Role of Alternative Investments

Below is a framework for how the common alternative strategies are generally perceived to affect the risk/return profile of a normal 60/40 portfolio of public stocks and bonds.

In the context of asset allocation, investors may categorize an asset class based on the role it is expected to play in the overall portfolio. The roles and their relative importance will vary among investors, but it is common to identify the following functional roles:

  • Capital growth: This role may be a top priority for portfolios with a long-term time horizon and relatively high-return target. Usually, public and private equity investments would be the most obvious choices for this role.
  • Income generation: Certain asset classes, like fixed income or real estate, are capable of generating reasonably steady cash flow stream for investors.
  • Risk diversification: In the case of an equity-oriented portfolio, investors may seek assets that diversify the dominant equity risk. Real assets and several hedge fund strategies may fit here. Similarly, fixed-income investors may be interested in diversifying pure yield curve risk via private credit.
  • Safety: Certain asset classes may play the role of safe haven when most of the risky asset classes suffer. Government bonds or gold may potentially play such roles in a well-diversified portfolio.

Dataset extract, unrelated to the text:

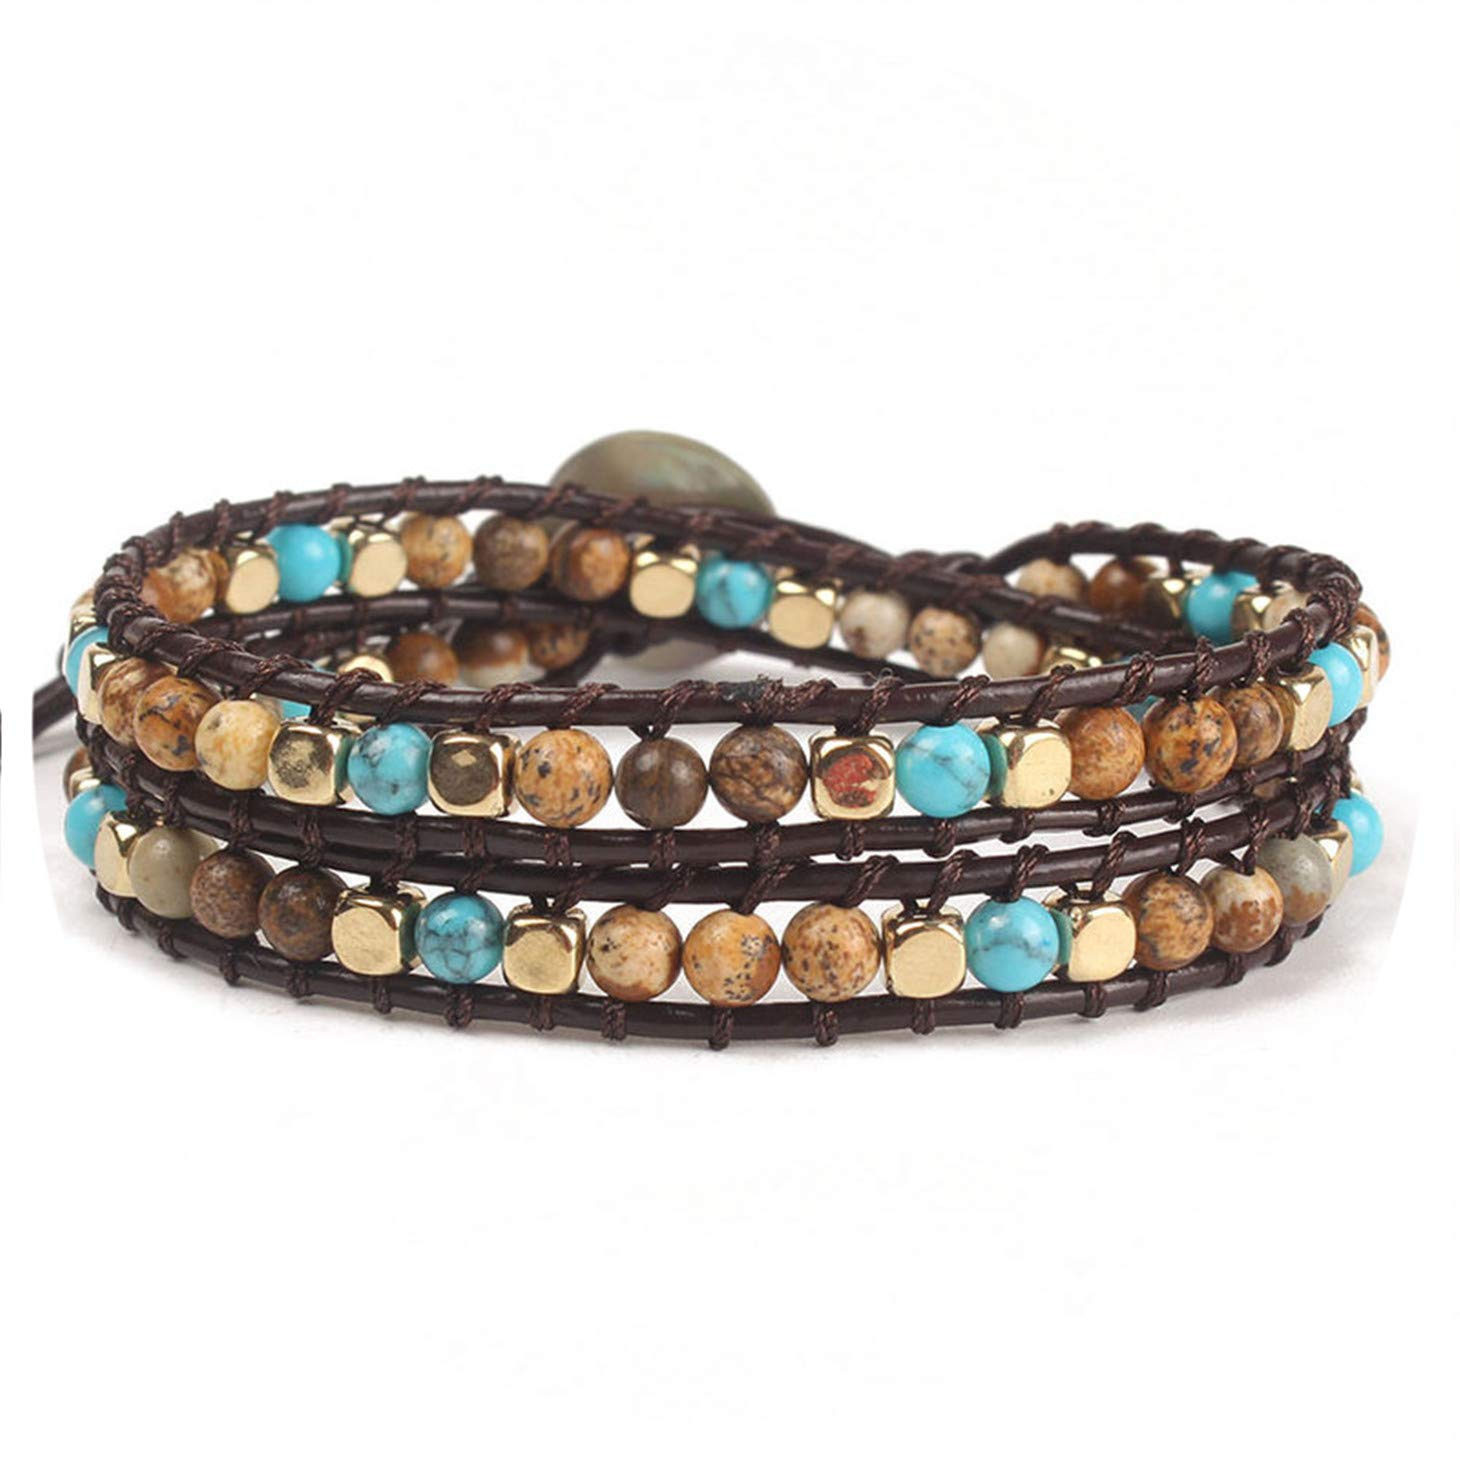 Olive Tayl Ethnic Bracelet & Bangles Handmade 4mm Semi-Precious Stones Beaded Bracelet for Men & Women Jewelry by Olive Tayl (Image #1)

Hedge funds. Some hedge fund strategies, such as equity long/short or short bias, may somewhat reduce a portfolio’s overall equity beta but are mainly expected to increase returns through their managers’ security selection skill. Other hedge fund strategies, such as merger arbitrage or global macro, may be less correlated with traditional asset classes.

Private equity. For a portfolio of public equity securities, an allocation to private equity has limited diversification potential because public and private companies face essentially the same risk factors. Thus, the main function of private equity in the portfolio is to increase expected returns.

Private credit. This class of alternative investments include both direct lending and distressed debt. Direct lending is primarily an income-producing investment. For a given range of credit quality, the risk-return profile tends to be similar for direct lending and publicly traded debt, except that direct lending has additional risk (and an expected return premium) due to its illiquidity. Distressed debt has a risk-return profile more like equity securities, because factors specific to the issuer have a greater effect on the debt’s performance than factors that affect fixed-income investments in general.

Commercial real estate. Real estate investments can hedge inflation risk. Both rental income and the value of properties owned may increase with inflation.

Real assets. Assets such as commodities, farm and timberland, and infrastructure also protect against inflation risk. Asset holdings can target particular subsets of inflation risk, such as energy, food, or building materials. Infrastructure investments require a longer time horizon and their correlation with inflation may be limited, for example, by utility rate regulations.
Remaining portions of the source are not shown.